Hey there. Sorry for the long delay on this. I went through and ported the whole client and auto_complete classes into aio code but then got hung up on how to set up testing and installation. I guess testing isn't strictly necessary since the classes are implementing the same API but I'm not sure how to handle installation since redisearch supports Python 2 and aio is a Python 3 feature.

Let me know if you have thoughts on this or if I should just go ahead and make a PR with just the aio classes.

@alancleary Mind sharing a link? We've recently started unifying a client to combine async, sync, and the various connection options (pools, sentinel, etc). I'd love to work with you on it if you're interested - especially as we haven't yet started the async side yet!

@chayim Here's a commit that adds an AioClient class (with AioBatchIndexer) and an AioAutoCompleter class: https://github.com/alancleary/redisearch-py/commit/ed3da46bc2a17b9060d0480c12954bec270b3d50. These are the only classes that needed to be ported because they're the only classes that use a Redis connection.

The classes use the aioredis module, which implements the same API as the redis module, so other than adding async and await in the correct places, the only difference is how the classes are initialized and destructed.

For initialization, I used the same initialization pattern as the aioredis module, so you can instantiate the classes with or without using await. For example:

from redisearch import AioClient

def main():
    client = AioClient("my-index")

async def main():
    client = await AioClient("my-index")

Instantiating a class using await initializes the aioredis Client (i.e. it actually connects to Redis), whereas omitting the await does not initialize the aioredis Client (i.e. it instantiates the aioredis Client but does not connect to Redis). This has the advantage of allowing users to instantiate the classes outside of the aio event loop. Notice in the commit, though, that the classes' asynchronous initialize methods aren't called anywhere besides the __await__ method. This is because __await__ is simply calling the aioredis Client's initialize method. The aioredis Client actually calls its initialize method every time it sends a command to Redis, so if we don't explicitly initialize the aioredis Client when instantiating a redisearch class we know the aioredis Client will initialize itself when we start using it to send commands to Redis.

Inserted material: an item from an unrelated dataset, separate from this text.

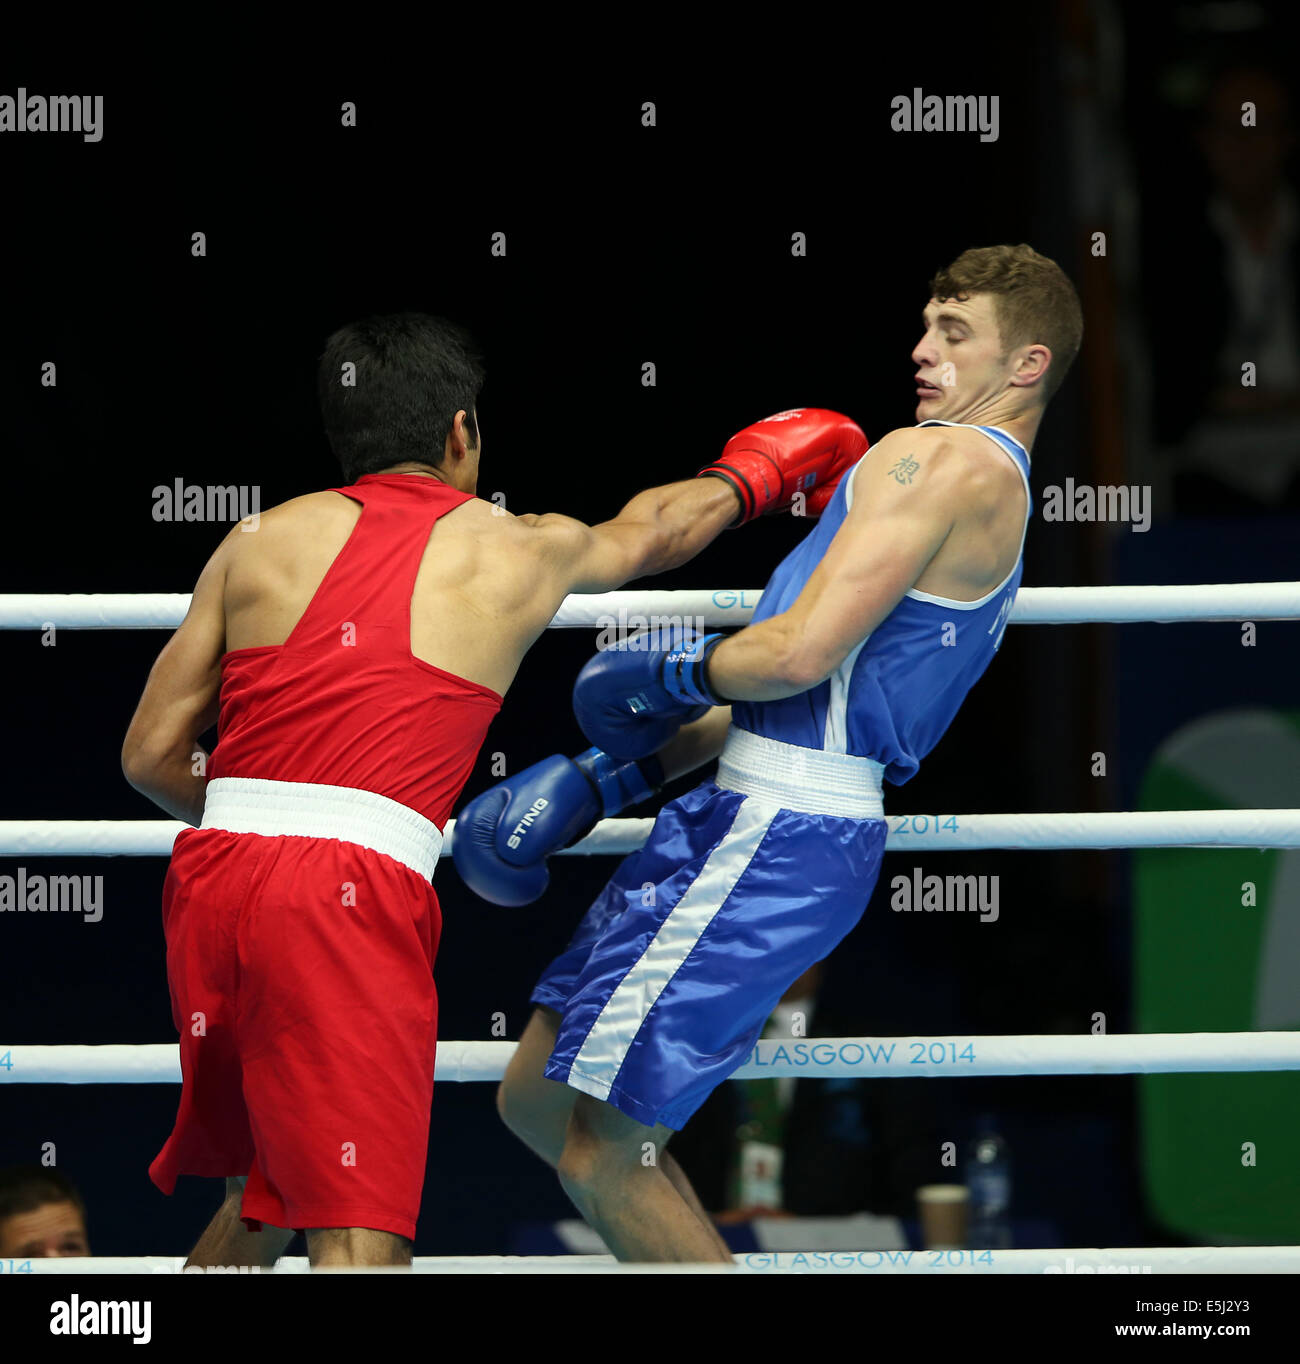 Scotstoun, Glasgow Scotland 1 Aug 2014. Day 9 Boxing semi-finals.  Vijender Vijender IND beats Connor Coyle NIR - Stock Image

Initializing the aioredis Client as early as possible is nice, though, because it gives users an early exit if the connection fails. If a user has to instantiate a class outside of the aio event loop but wants the early exit, then they can call a redisearch class's initialize method themselves once inside the even loop. For example:

import asyncio
from redisearch import AioAutoCompleter

async def main(auto_completer):
    await auto_completer.initialize()

if __name__ == '__main__':
    auto_completer = AioAutoCompleter('ac')
    asyncio.run(main(auto_completer))

Those were the only additions to the redisearch API.

Regarding class destruction, I had to update the AioBatchIndexer's __del__ method to account for the event loop. Specifically, I used the same destruction pattern as the aioredis module, which checks if the event loop is still running and tries to run a new loop if it's not. The problem with this approach is that in some cases the event loop will be stopped and you won't be able to start another, meaning the last batch commit will not happen. aioredis gets around this by using the asynchronous __aenter__ and __aexit__ context manager magic methods, which guarantee that the event loop will still be running when the class's context is exited. Here's an example of what using such a context manager might look like:

client = await AioClient("my-index")
async with client.batch_indexer() as indexer:
    pass

Not only does this guarantee that the last commit will happen, it will also be at a much more predictable time, i.e. when the indexer block is exited, instead of whenever the heck the interpreter decides to call __del__. In fact, I think predictability is a good reason to add a similar context manager to the existing BatchIndexer class as well (and maybe even the (Aio)Client and (Aio)AutoCompleter classes).

Anyway, let me know if you have any questions or anything about the commit. I'm excited you're interested in adding aio support and I'm willing to help out however I can.